Learn to Draw - What is and how to do a contour drawing




More Contour Drawing

Use this chair if you'd like - click to enlarge.

Now we'll move on to a much more complicated contour drawing - that of a chair. Get a chair, any chair, this will be your subject. Sit about six feet away from the chair with your drawing lap desk and a few sheets of paper on it, and have your picture frame handy. First, with one eye closed, just look at the chair for a minute. Try to look at the spaces between the chair parts; in between the legs, the space between the back uprights, under the arm rests. These are the areas that you will draw, and not the chair itself. Just as if you would normally draw all the positive spaces in a drawing and all the negative spaces just fall into place, if you do the opposite and draw all the negative spaces, the positive spaces will fall into place. Drawing the negative space, your logical mind will not try and assign a "symbol" to the shape because it's not a shape it knows.

Now that you have your first shape drawn, move on to the next shape, probably one that is near to the shape you just drew. Keep in mind the distance and angles between the shapes on your subject and try and put that shape on your paper right where you see it on your subject. If there are straight lines in your shapes don't worry about making them EXACTLY straight, just freehand the line and get an approximate straight line. Keep adding your negative space shapes until you have drawn them all. The proportions of your drawing may be a little bit off because you guessed at the distances between the shapes. That's OK if it's a bit off, you can still see the chair inside the shapes you drew, right? To make it a bit easier to see you could lightly shade in the positive shapes of the chair, or better yet, shade in the negative shapes you drew.

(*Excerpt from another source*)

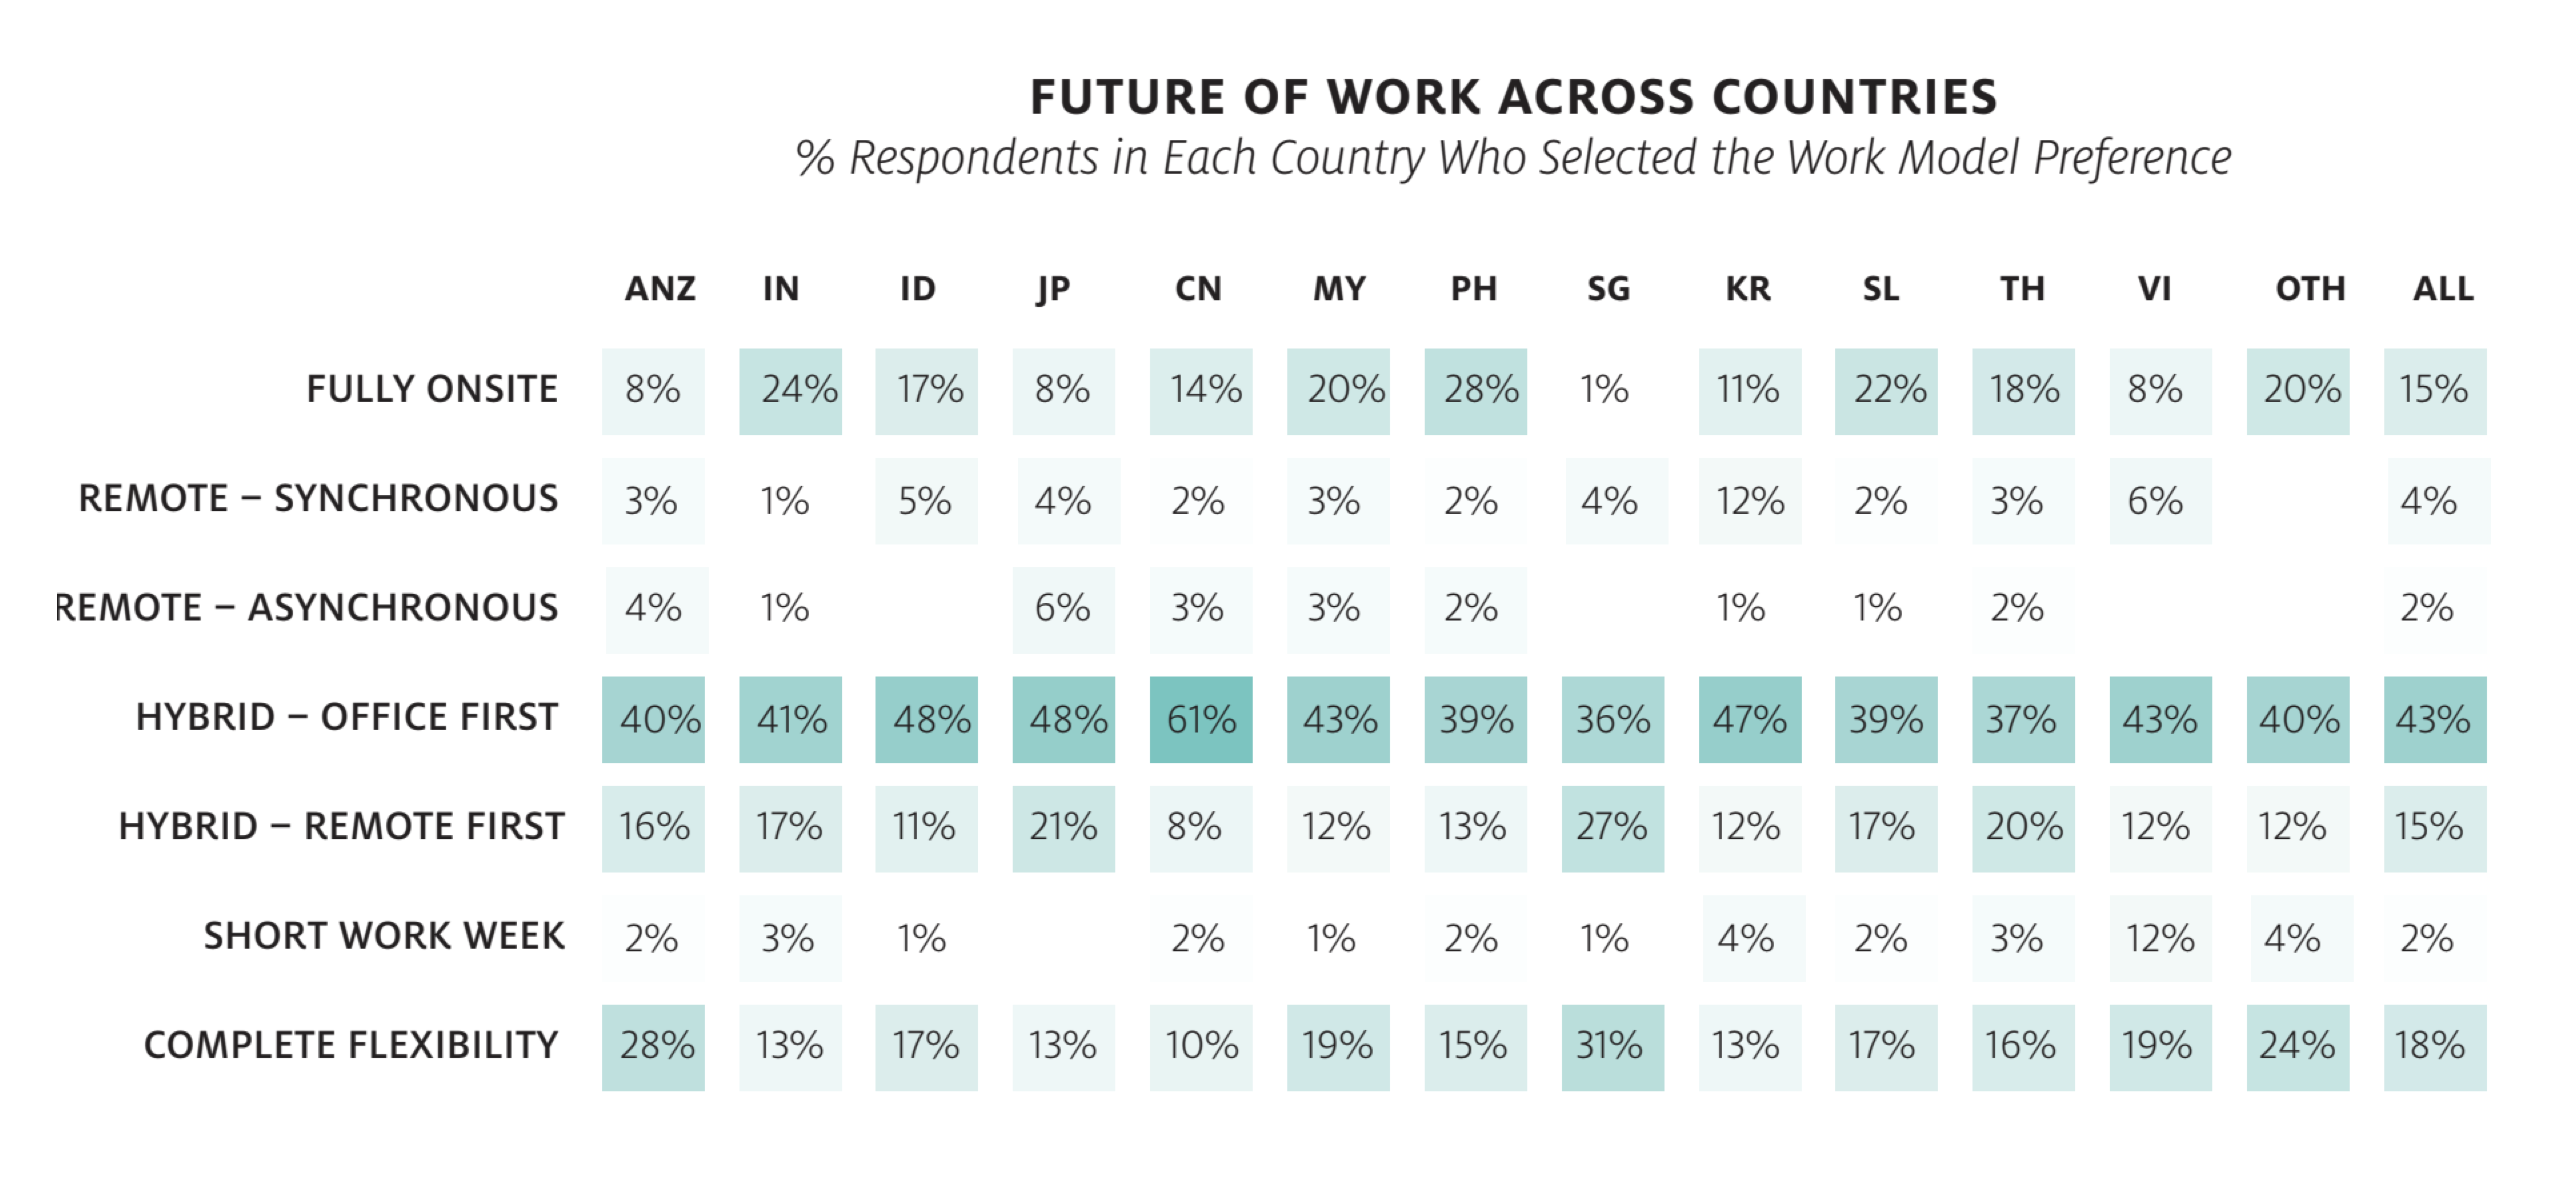 FUTURE OF WORK ACROSS COUNTRIES
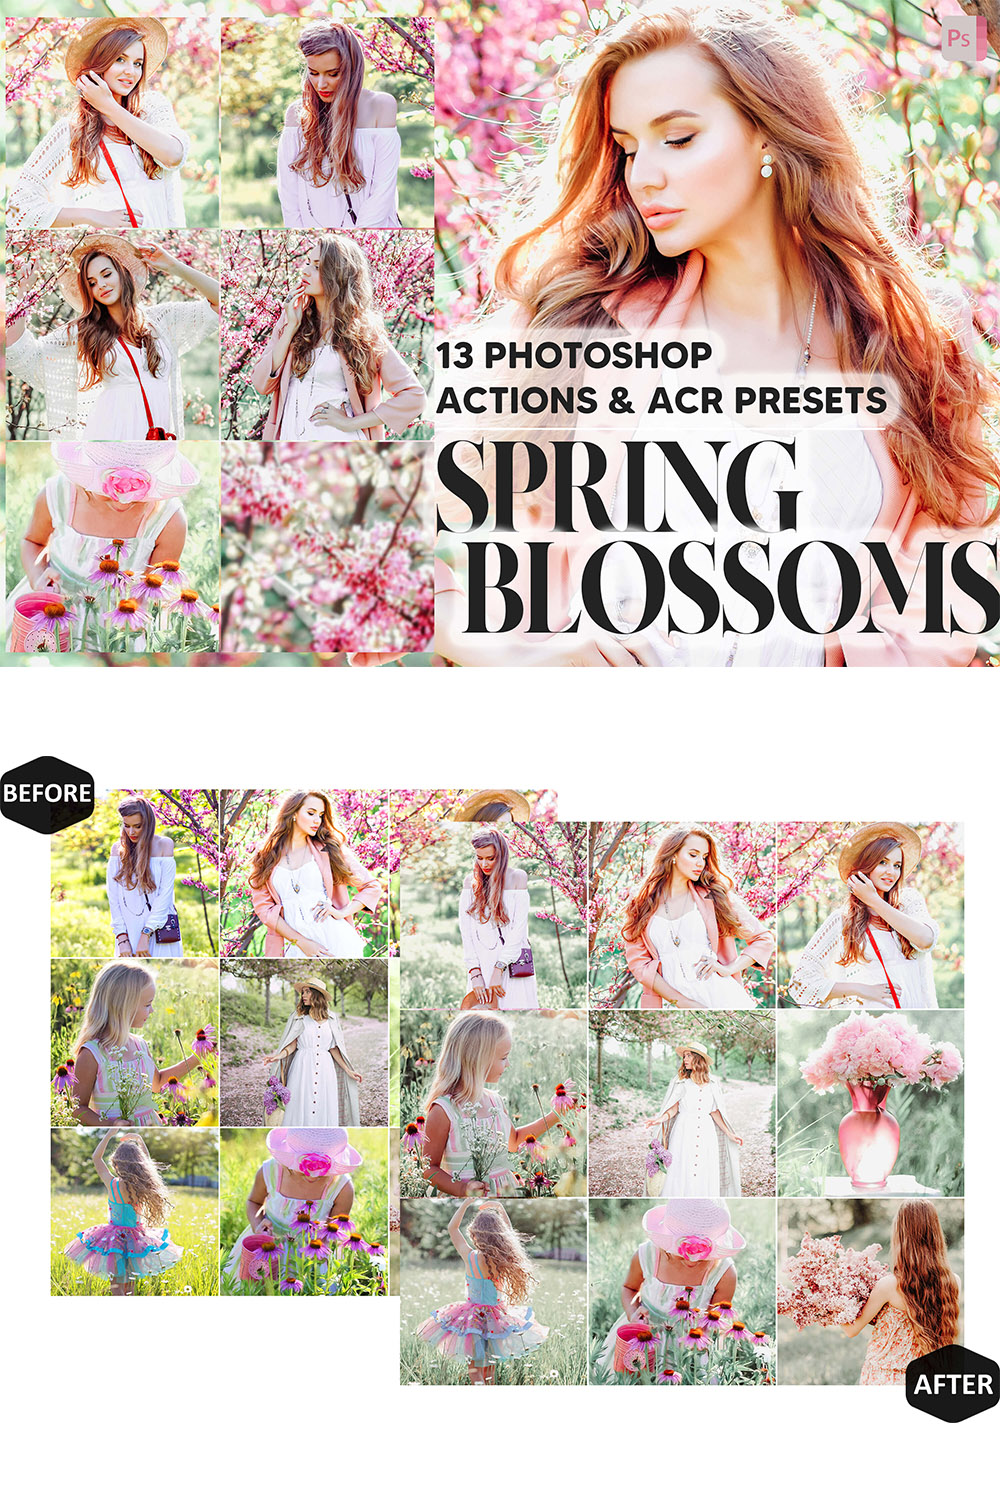 13 Photoshop Actions, Spring Blossoms Ps Action, Pastel Pink ACR Preset, Bright Ps Filter, Atn Portrait Lifestyle Theme Instagram, Blogger pinterest preview image.

Here's what mine looked like...

Try drawing the contour of a fork.

Now you should have a nice drawing of your chair that has no detail inside the chair itself. I know it was a bit difficult because your logical mind kept trying to muscle in and make you draw shapes you knew. Think back on your thought process as you drew. You thought things like "I see a curve here that comes right into a straight line that now turns a right angle." I hope you didn't think things like "This leg connects with this cross member and this back upright connects to the seat of the chair." Drawing the negative spaces of an object should get you thinking in terms of space, forms, and shapes. Further, it should help you break your "symbol" habit of just drawing not what you actually see but what your logical mind remembers you seeing and drawing when you were a kid. Drawing the chair might have been hard for you because of all the straight lines. I know, I have trouble with straight lines too. (Look again at my attempt at the chair - Ugh!). You should try and do another negative shape drawing with another chair, or something else that doesn't have so many straight lines. Try something simpler like a fork or something.